DXJ’s largest exposure is to the industrials sector, followed by consumer staples and financials. He uses a mixed strategy, investing in a combination grow and value shares of mostly large-cap companies. The fund’s three largest holdings are Toyota Motor Corp. (7203: TKS), a global car manufacturer; Japan Tobacco Inc. (2914: TKS), cigarette manufacturer; and Mitsubishi UFJ Financial Group Inc. (8306: TKS), a global financial services holding company.

  • Performance in one year: 7.9%
  • Expense ratio: 0.50%
  • Annual dividend yield: 1.02%
  • Three-month average daily volume: 232,692
  • AUM: $537.9 million
  • Start date: January 31, 2014
  • Issuer: BlackRock Financial Management

HEWJ seeks to track the MSCI Japan Index 100% hedged against the USD. The index is composed of Japanese large- and mid-cap stocks and seeks to mitigate exposure to fluctuations between the value of the Japanese yen and the US dollar. This is the hedged version of the iShares MSCI Japan ETF (EWJ), another popular Japan-focused fund. Industrials, consumer staples and information technology stocks are the three largest parts of the portfolio.

HEWJ’s primary holding is EWJ stock, with over 99.9% of HEWJ’s portfolio being EWJ stock. A very small portion of the portfolio is also transferred to BlackRock Cash Funds Treasury SL Agency shares. EWJ’s three largest holdings include Toyota Motor Corp.; Sony Group Corp. (6758:TKS), manufacturer and distributor of electronic products; and Keyence Corp. (6861:TKS), manufacturer of industrial automation and control equipment.

  • Performance in one year: 7.4%
  • Expense ratio: 0.45%
  • Annual dividend yield: 2.29%
  • Three-month average daily volume: 13,337
  • AUM: $204.4 million
  • Start date: June 9, 2011
  • Publisher: DWS

DBJP tracks the MSCI Japan US Dollar Hedged Index, which is a currency-hedged approximation of the performance of the MSCI Japan Index. The ETF provides exposure to the Japanese stock market while removing the impact of currency fluctuations between the yen and the dollar. This means that US investors have the potential to generate US dollar profits from gains in the Japanese stock market without having to worry about changes in the value of the yen.

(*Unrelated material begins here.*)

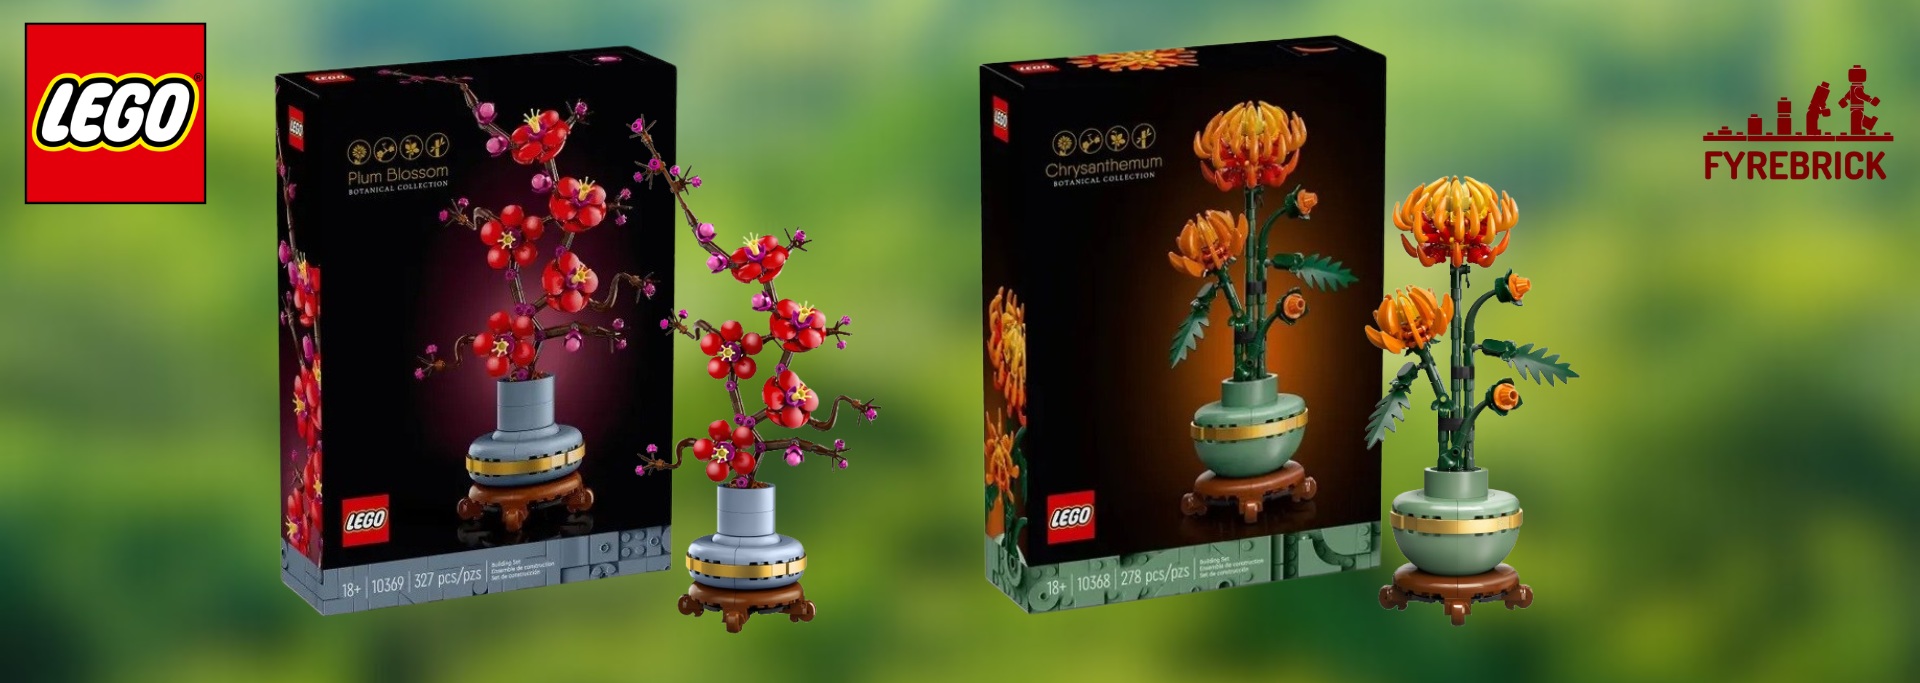 https://fyrebrick.be/collections/lego-botanical-collection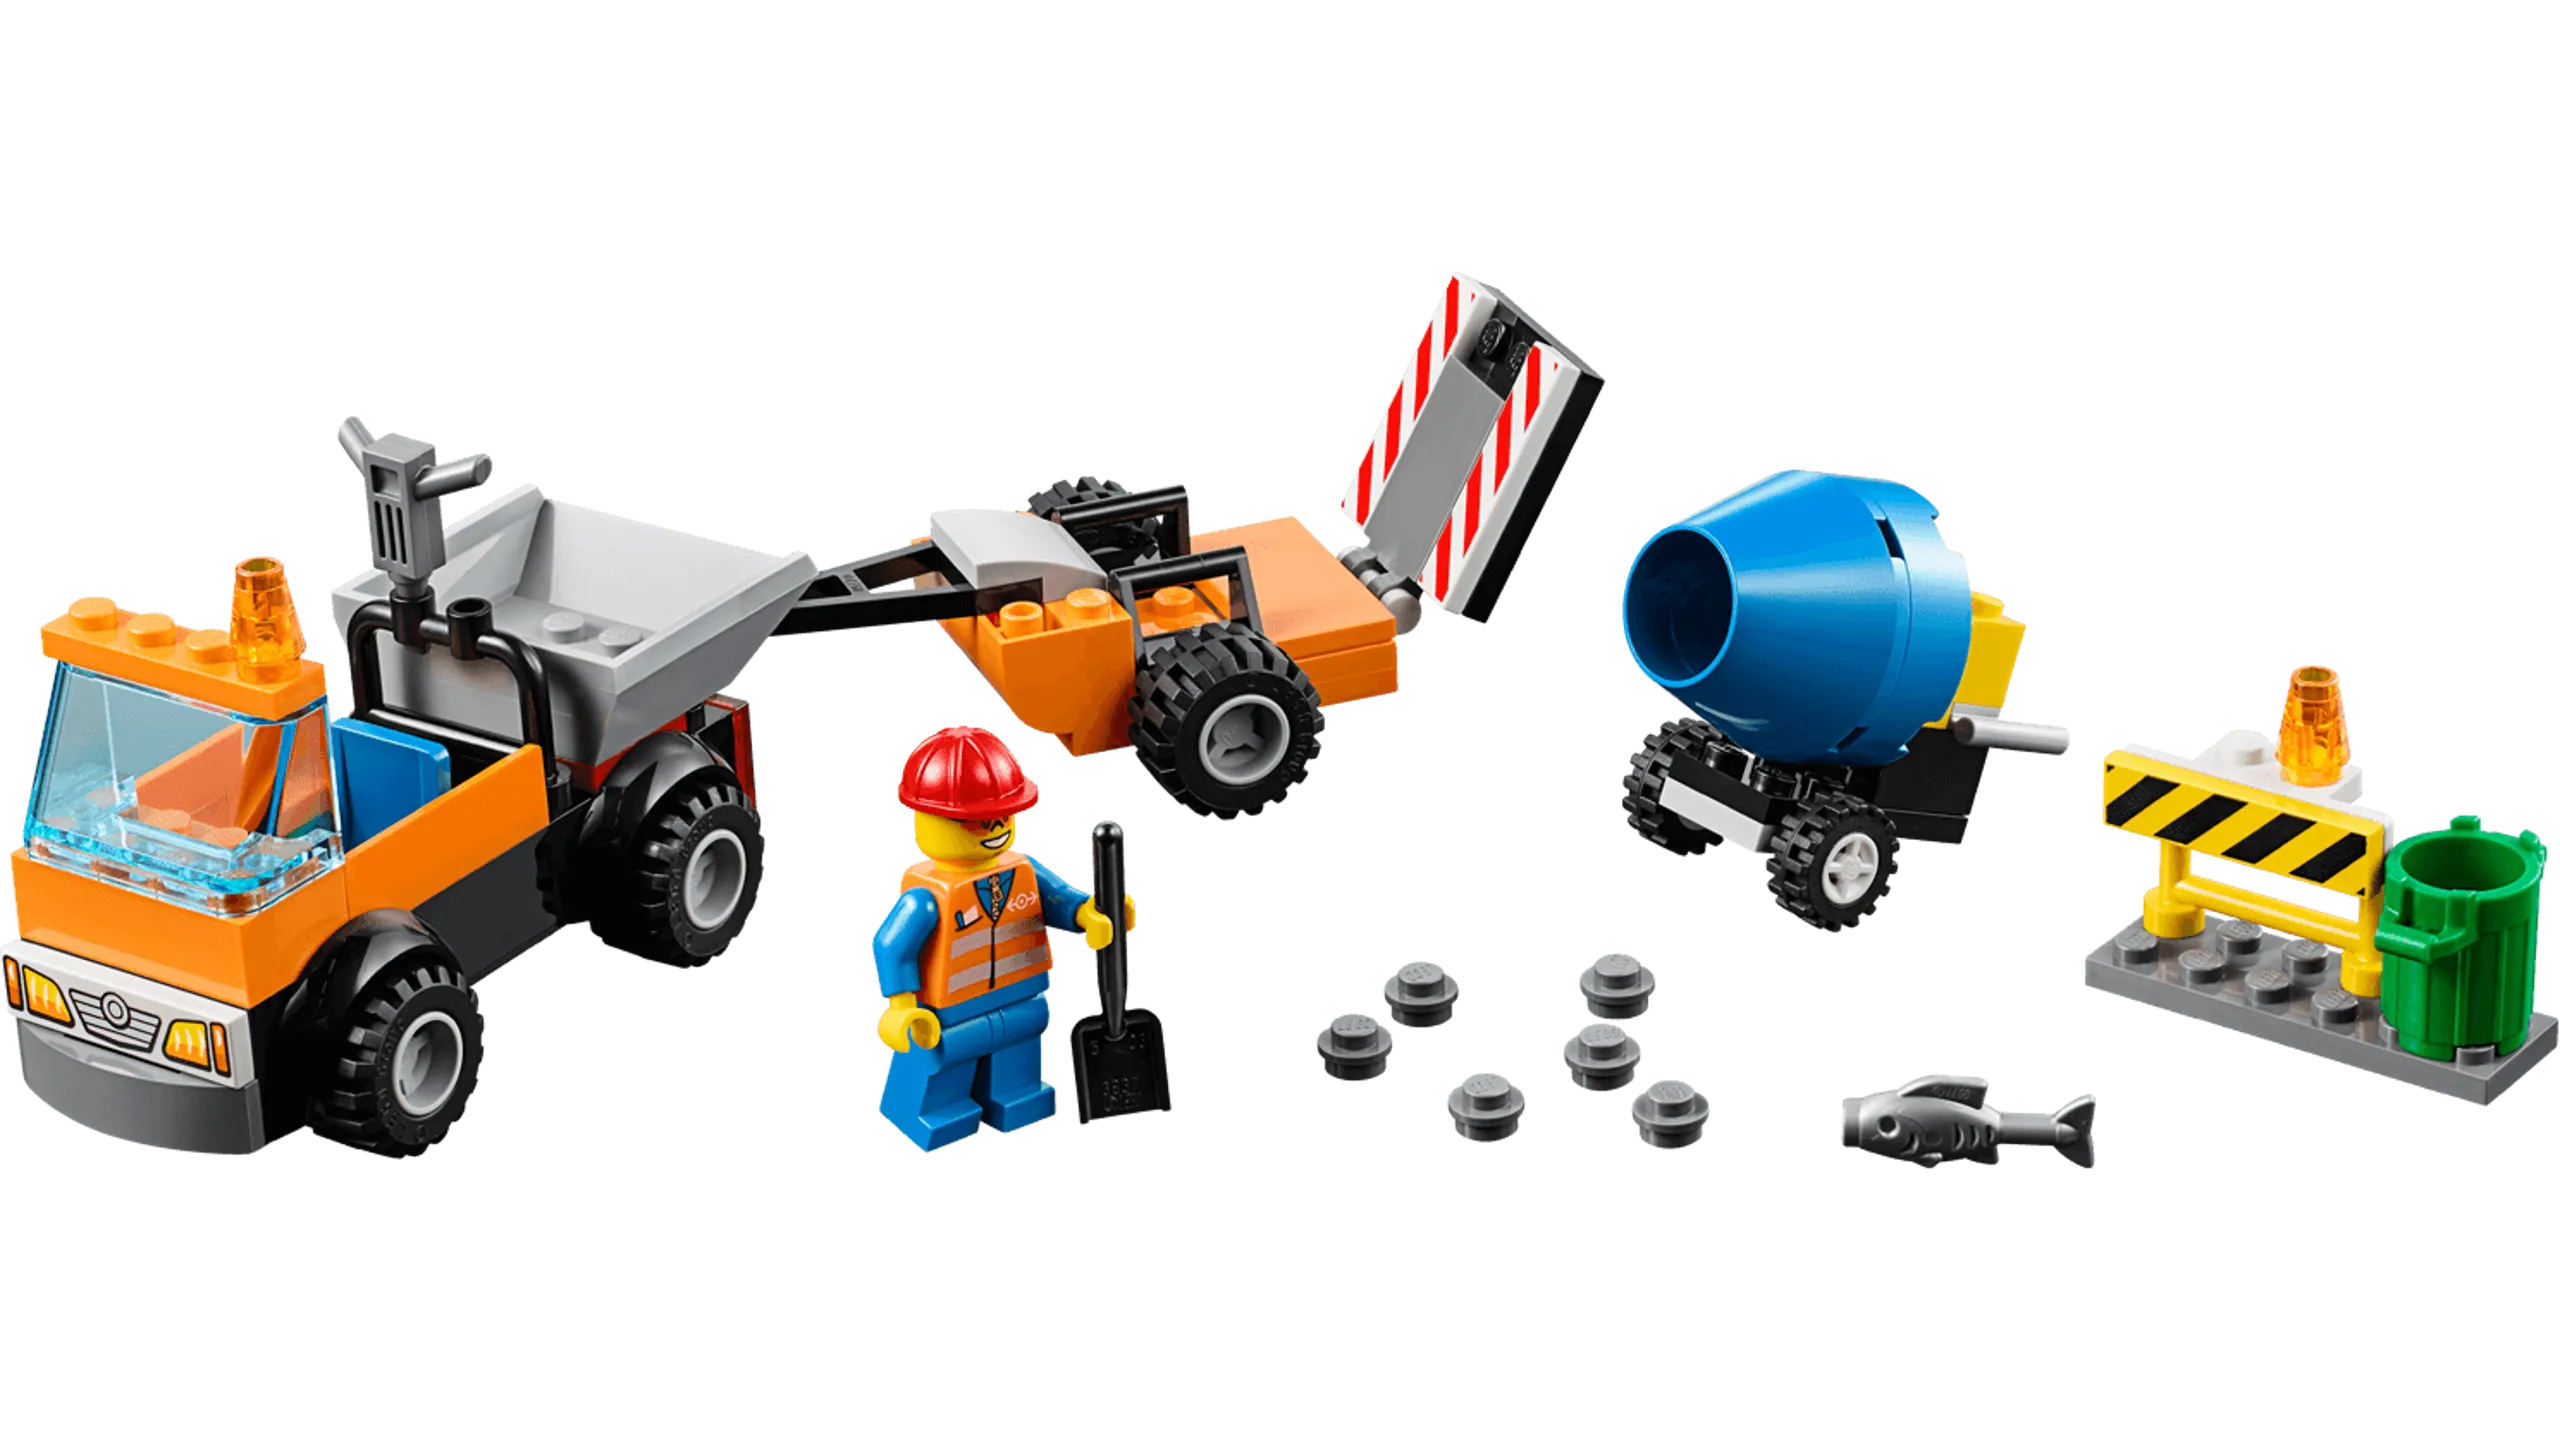 LEGO Juniors Road Repair Truck - 10750 Drive the truck into position and unload the cement mixer. Set up the barrier to stop the traffic and then pour out the cement to fill the hole

DBJP’s largest sector exposure is in industrials, followed by consumer goods and information technology. It follows a mixed strategy of investing in both growth and value stocks of primarily large companies. The fund’s three largest holdings are Toyota; Sony Group; and Keyence.

The comments, opinions and analysis expressed herein are for informational purposes only and should not be construed as individual investment advice or recommendations to invest in any security or adopt any investment strategy. While we believe the information contained herein to be reliable, we do not guarantee its accuracy or completeness. The opinions and strategies described in our content may not be suitable for all investors. Because market and economic conditions are subject to rapid change, all comments, opinions and analysis contained in our content are provided as of the date of publication and are subject to change without notice. The material is not intended to be a complete analysis of all material facts relating to any country, region, market, industry, investment or strategy.